Agree it all is in the details, assuming you'll be based in Qatar, earning salary, working daily, then you'll need to look at Qatar visa processing. That said, depending on your home country, position, company and visa coordinator (PRO) you may or may not need standard documentation such as aunthentication. Research the process if you are serious about taking the position in qatar, initiative shows interest. If you are intetested in the GCC areas, I'd commit to getting your docs in line now (degrees, birth/marriage) employment is reason to start but also once authenticated, you'll be set if these docs are requested later on by any entity/agency. Be proactive, you'll thank yourself now and later.


----------



## Charisma (Nov 15, 2012)

Actually i try to search in Qatar government website but didnt get enough info so i landed here. I didnt finish my university and no records of it.

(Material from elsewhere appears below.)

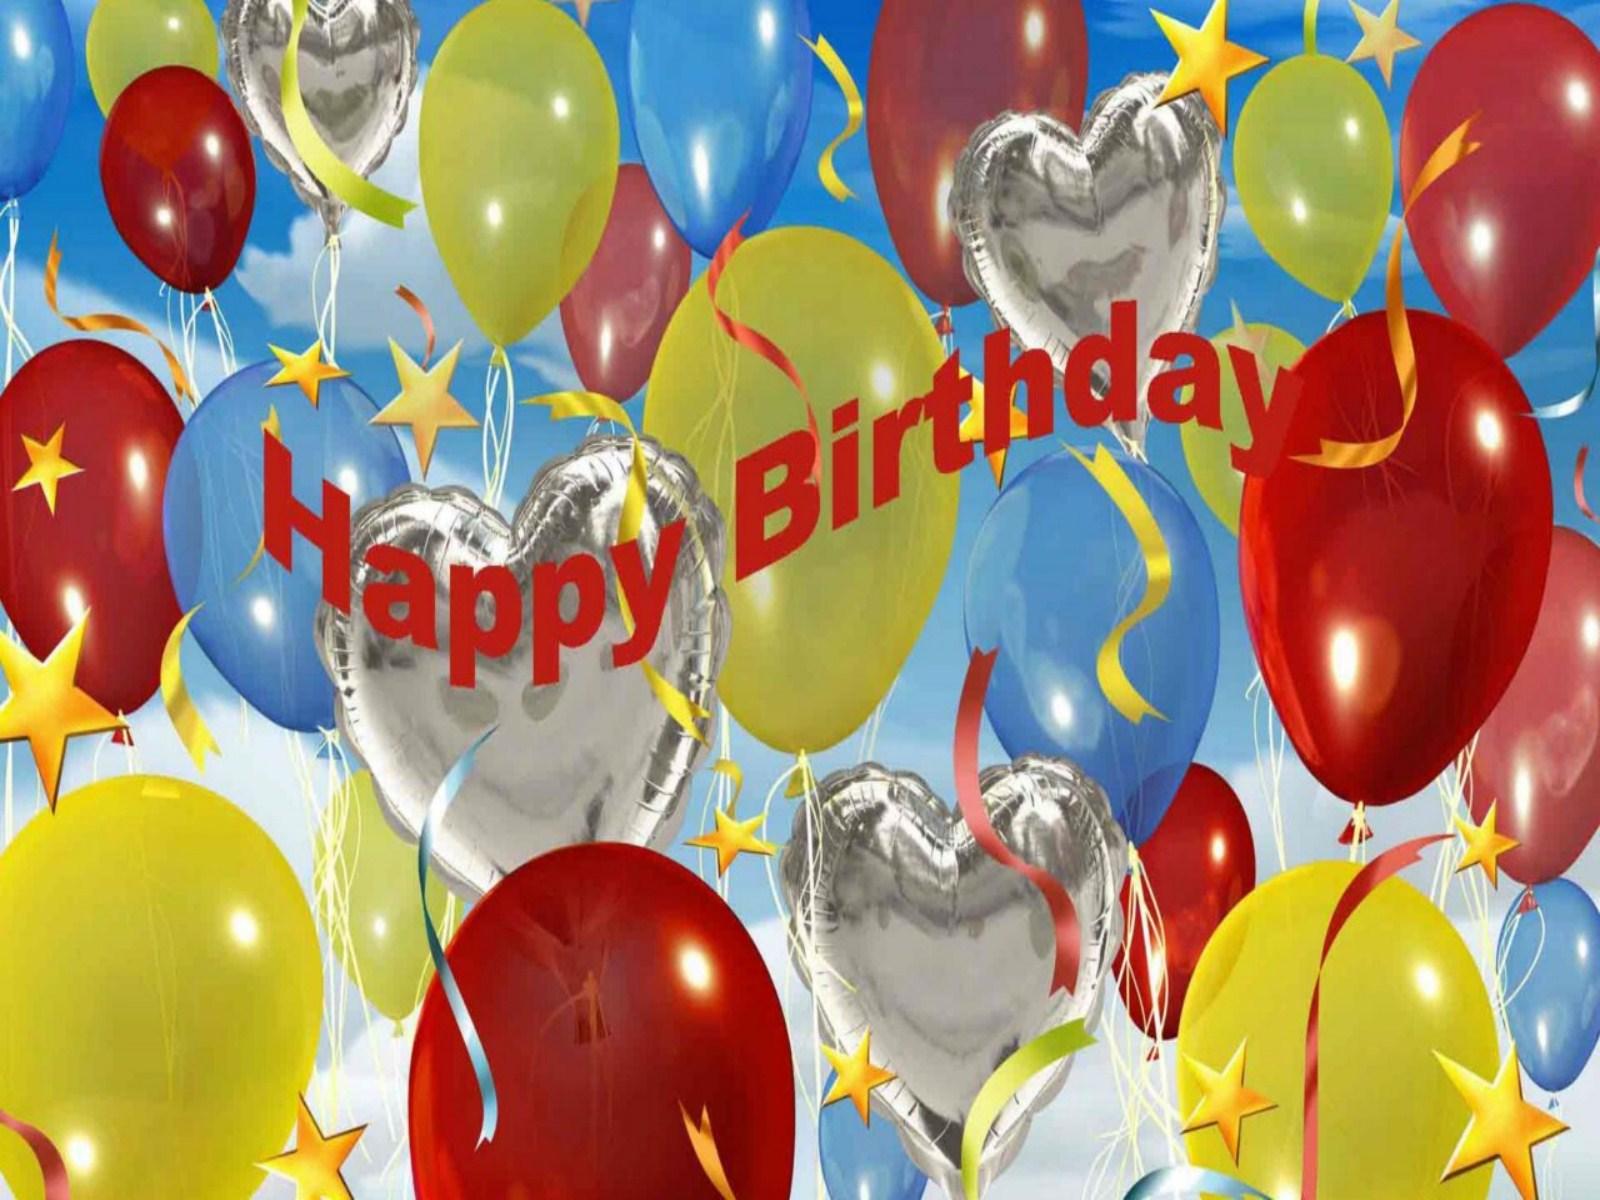 49+] Free Birthday Screensavers and Wallpaper on WallpaperSafari

I only have my highschool records and diploma not attested. The company told me that i will be trained in dubai for 2mos as telesales/ sales representative before they send me in Qatar. I want to know if sales representative or telesales staff still need attested docs.


----------



## rsinner (Feb 3, 2009)

Charisma said:


> Actually i try to search in Qatar government website but didnt get enough info so i landed here. I didnt finish my university and no records of it. I only have my highschool records and diploma not attested. The company told me that i will be trained in dubai for 2mos as telesales/ sales representative before they send me in Qatar. I want to know if sales representative or telesales staff still need attested docs.


ask the new company? your question is very specific for the people on the forum to know, and also rules keep changing or applied inconsistently.


----------



## Charisma (Nov 15, 2012)

Just checking maybe someone from this site experienced same way like me? is it ok?


----------